OPDF encodes these concepts directly. A property record carries its getter method name and read/write kind. An AnsiString record carries its type ID so the debugger knows to dereference the pointer and read the length header. A set record carries its base enum type ID and lower bound so the debugger can decode the bitfield into member names.
The full rationale and analysis, including a comparison with DWARF and a look at Kylix and Delphi's approach, is documented at:
https://github.com/graemeg/opdebugger/blob/master/docs/analysis.adoc
What the compiler changes include
- New debug writer:
compiler/dbgopdf.pas(TOPDFDebugWriter) - Type ID allocation:
compiler/dbgopdf_typemap.pas(TTypeMapper) - New -gO flag in
compiler/options.pas - Registration in
compiler/systems.inc(dbg_opdf enum) - Target registration in
x86_64/cputarg.pasandi386/cputarg.pas
The debug writer emits an .opdf ELF section with all code addresses
resolved at link time by the assembler/linker.
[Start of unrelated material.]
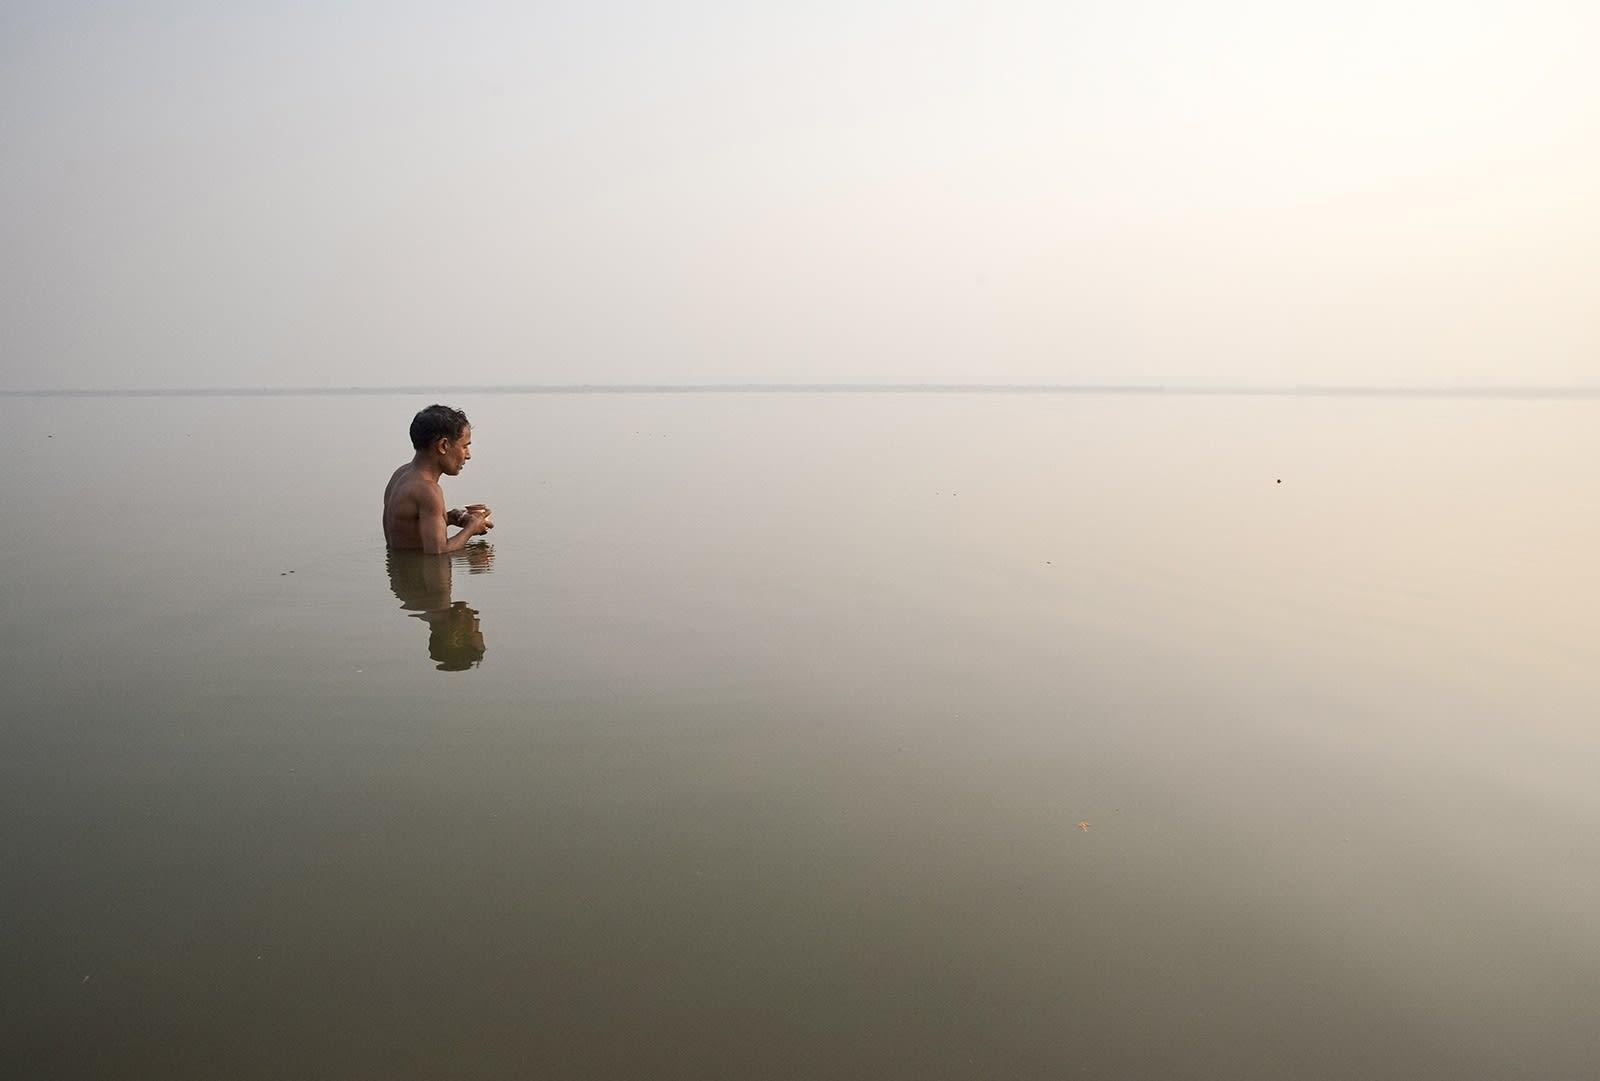 Matjaž Krivic, Varanasi, India, 2008 – 2012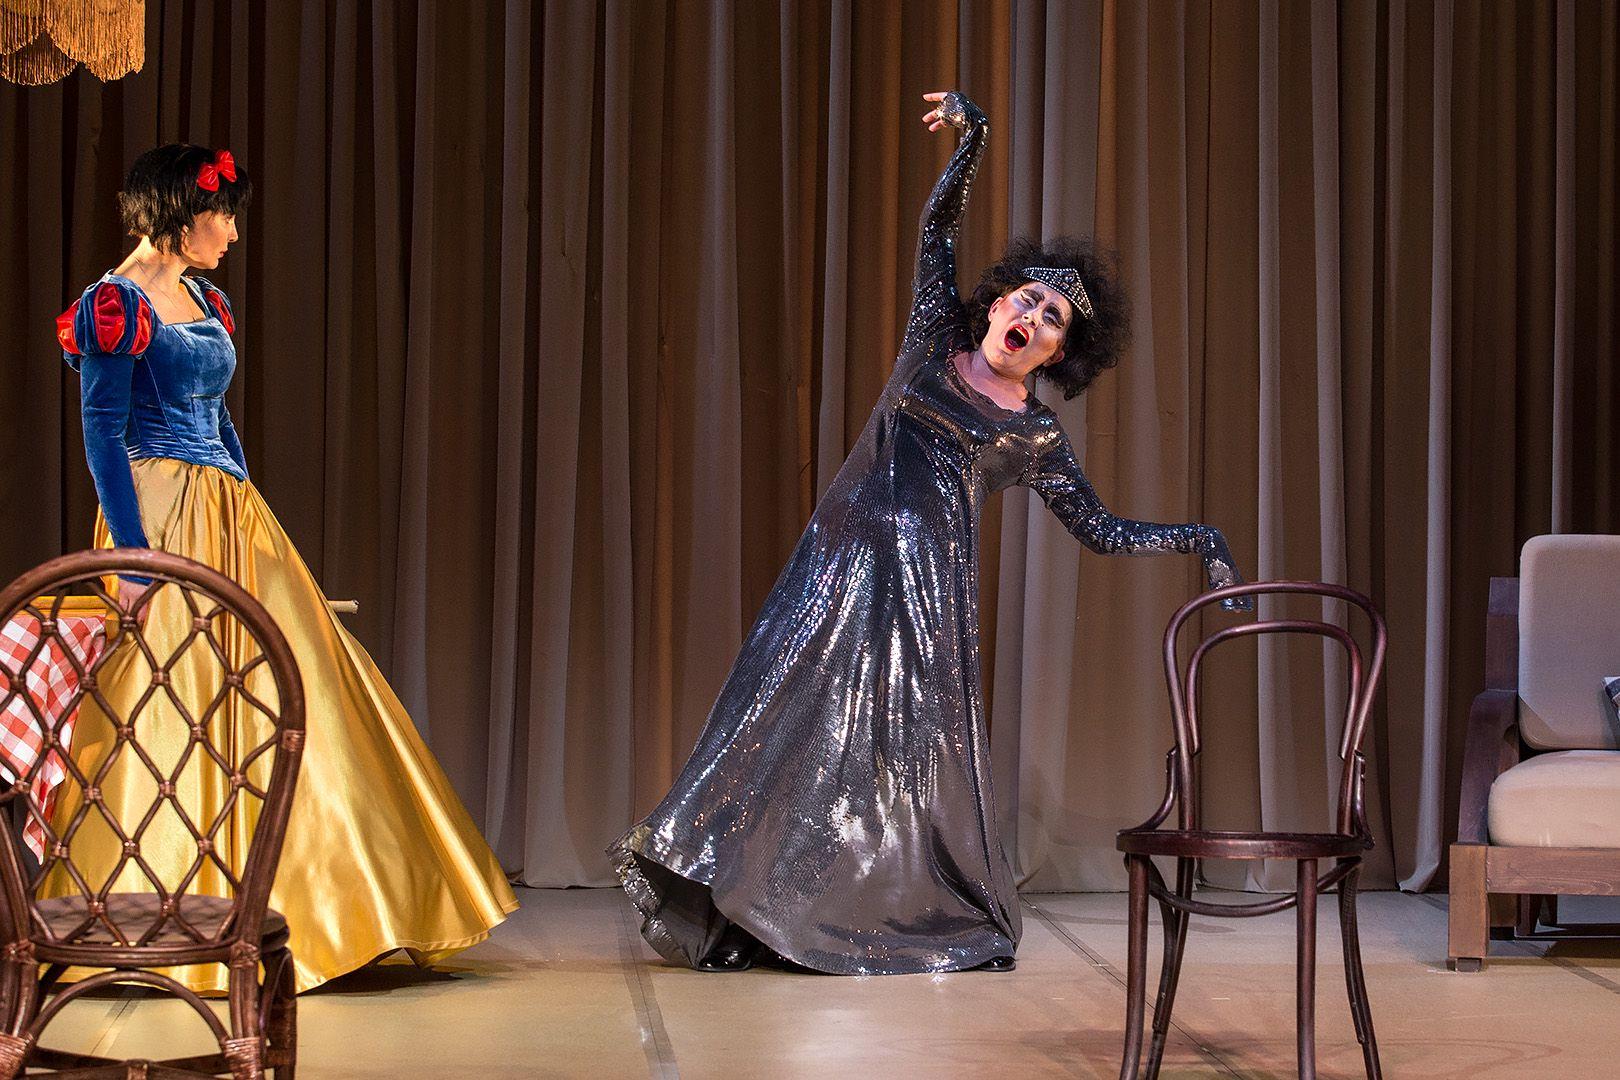 Спектакль «Ваня и Соня и Маша и Гвоздь» в театре «Сатирикон» фото 5

Each compilation unit
gets its own OPDF header, and the linker concatenates them. A
cross-module type deduplication system (via global TTypeMapper +
G_EmittedTypeIDs) ensures that shared types are emitted once, using
mangled type names for cross-unit dedup (following the same pattern as
DWARF in dbgdwarf.pas). A unit directory record at the end of the main
module lists all contributing units.
This has been tested with a 121-unit project producing a 8.0 MB .opdf section with a 1.1x dedup ratio. The debugger also handles cross-compilation TypeID collisions that arise when build systems like PasBuild invoke ppcx64 separately per module — colliding TypeIDs are remapped at load time.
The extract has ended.